## Directions
Set down all of the data exactly. Pictures stay out of the copy.

## Information supplied
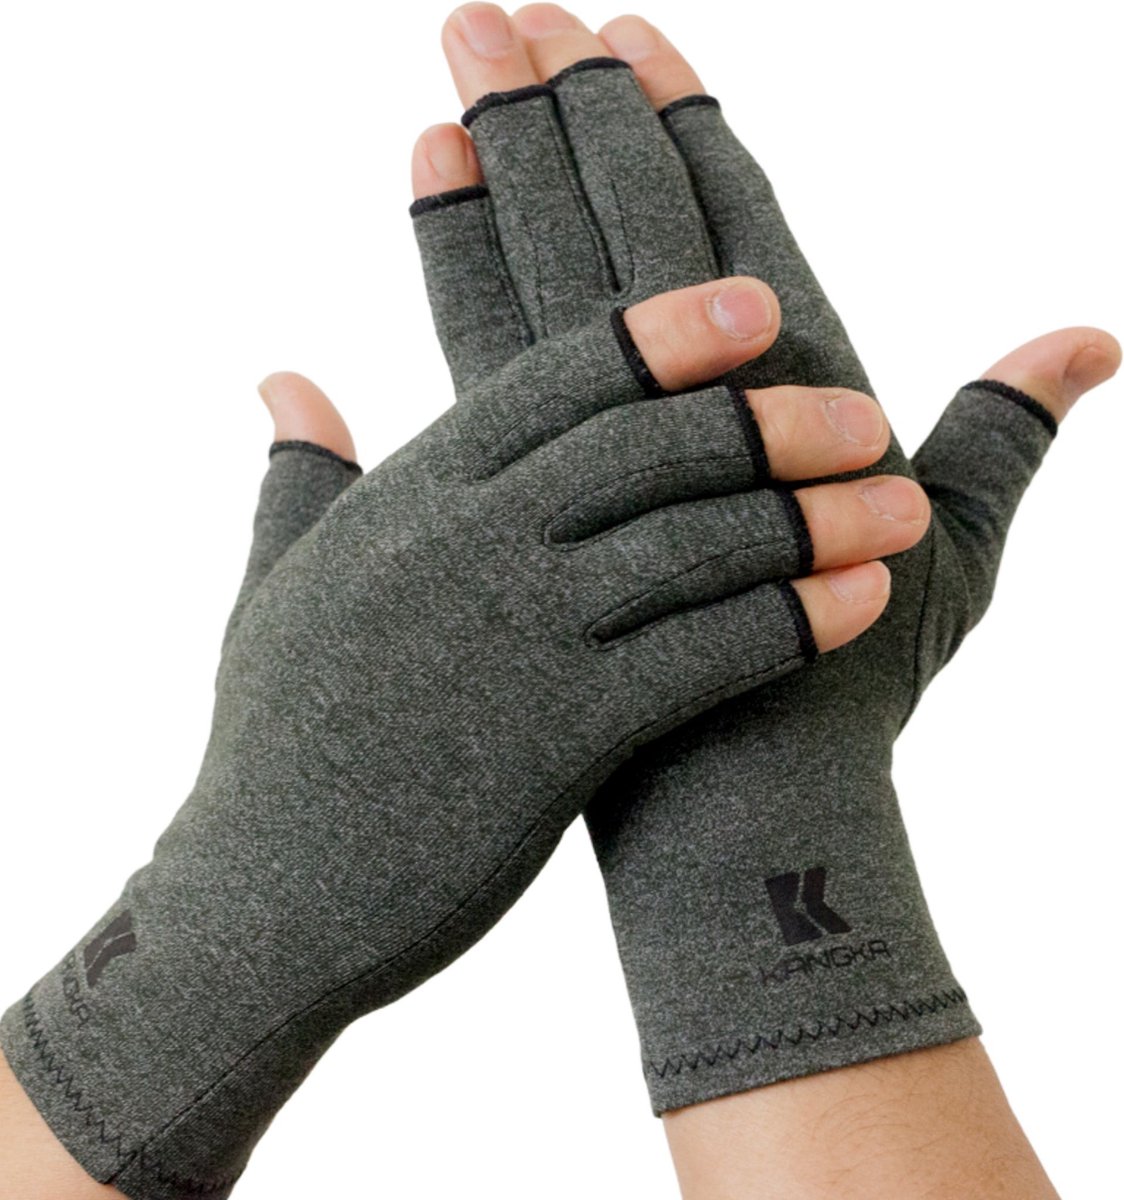 KANGKA® Reuma Compressie Handschoenen Maat L voor Artrose, CTS, Reuma, RSI, Artritis - Open Vingertoppen - Grijs - Unisex
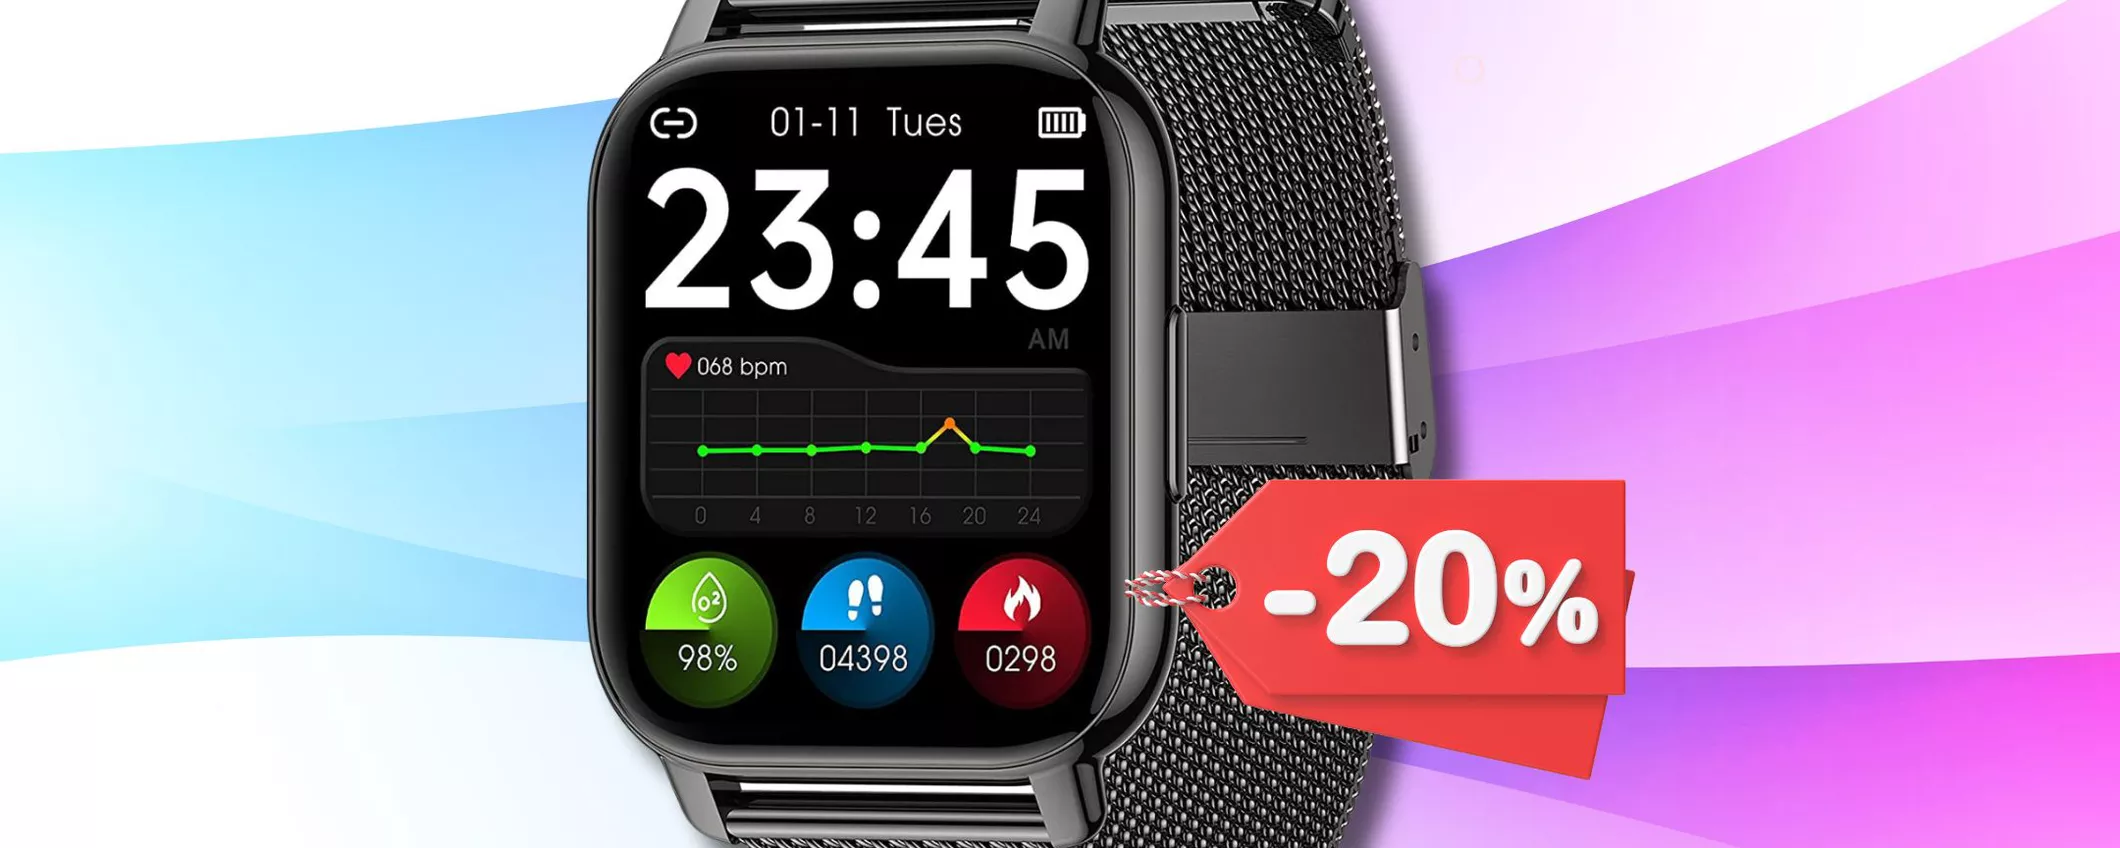 Smartwatch compatibile iOS con 2 cinturini a soli 39€: OCCASIONE UNICA
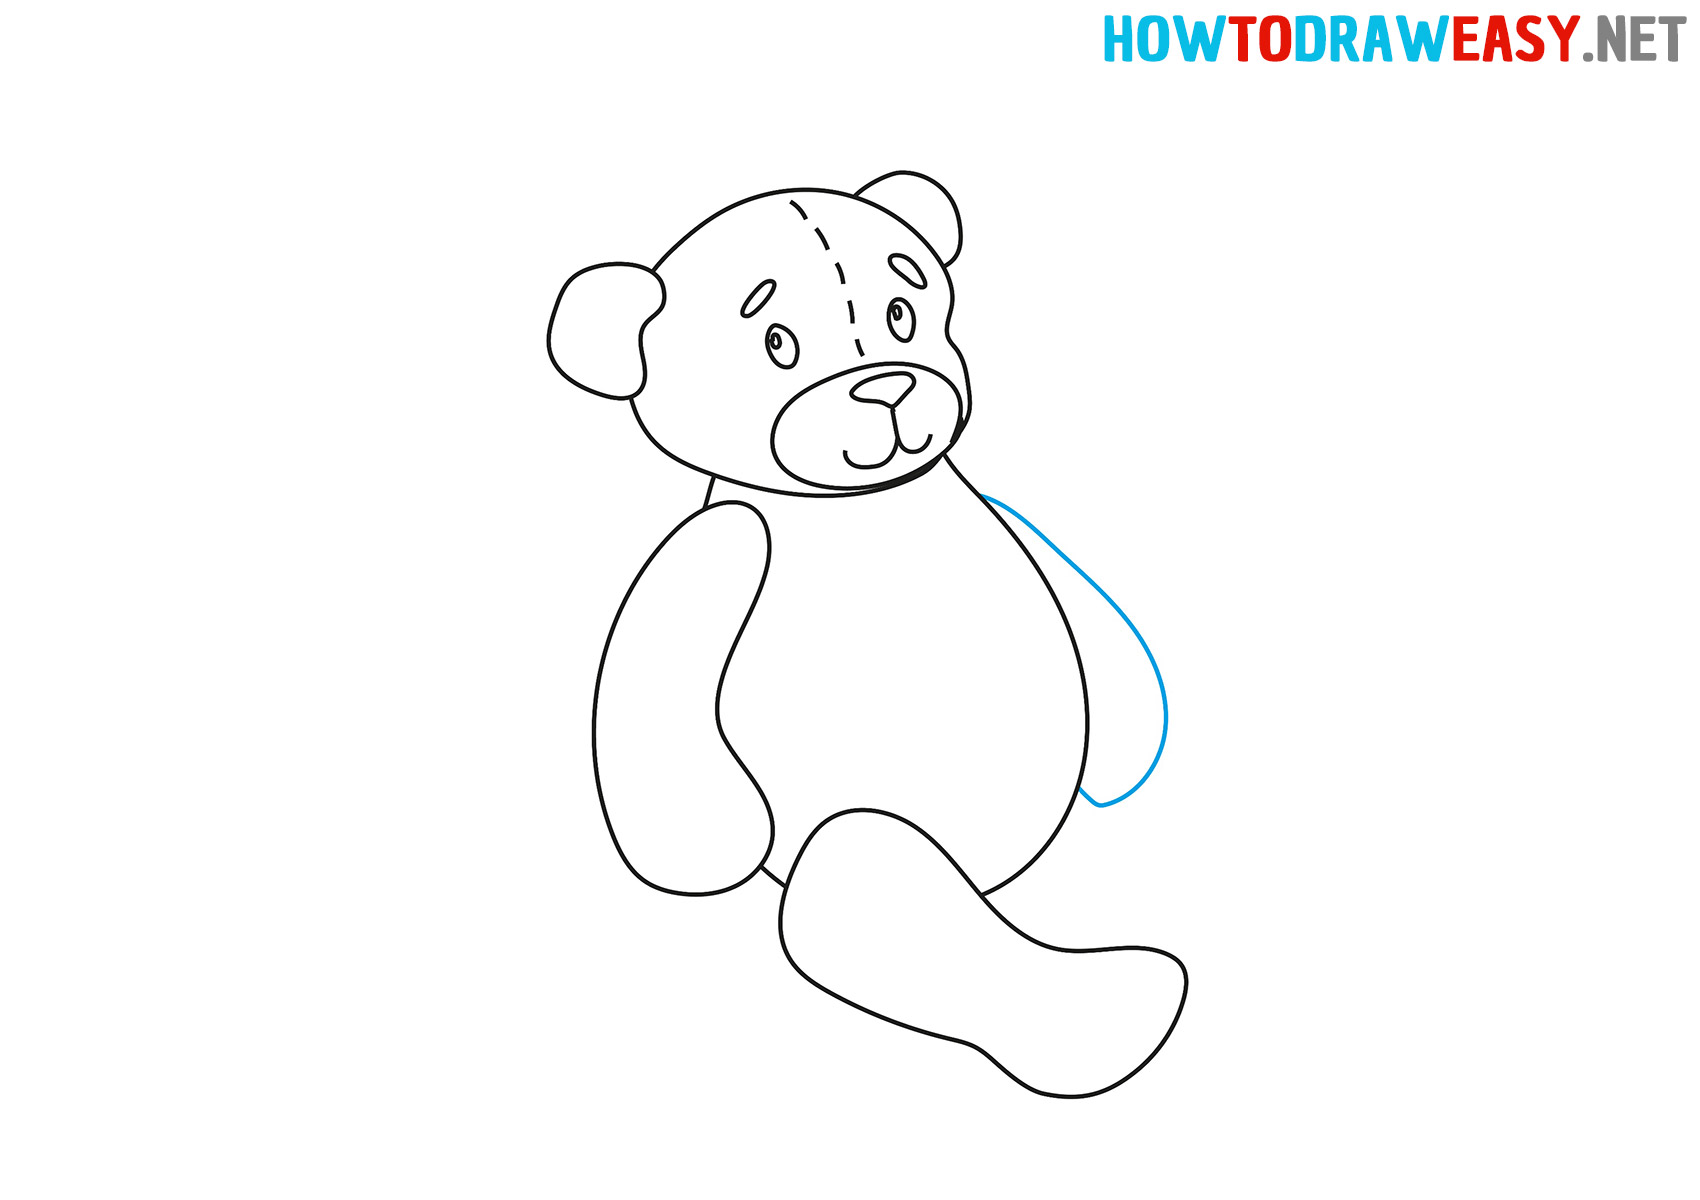 How to Draw a Cartoon Teddy Bear

## Written reply
 KANGKA® Reuma Compressie Handschoenen Maat L voor Artrose, CTS, Reuma, RSI, Artritis - Open Vingertoppen - Grijs - Unisex
 Smartwatch compatibile iOS con 2 cinturini a soli 39€: OCCASIONE UNICA
 How to Draw a Cartoon Teddy Bear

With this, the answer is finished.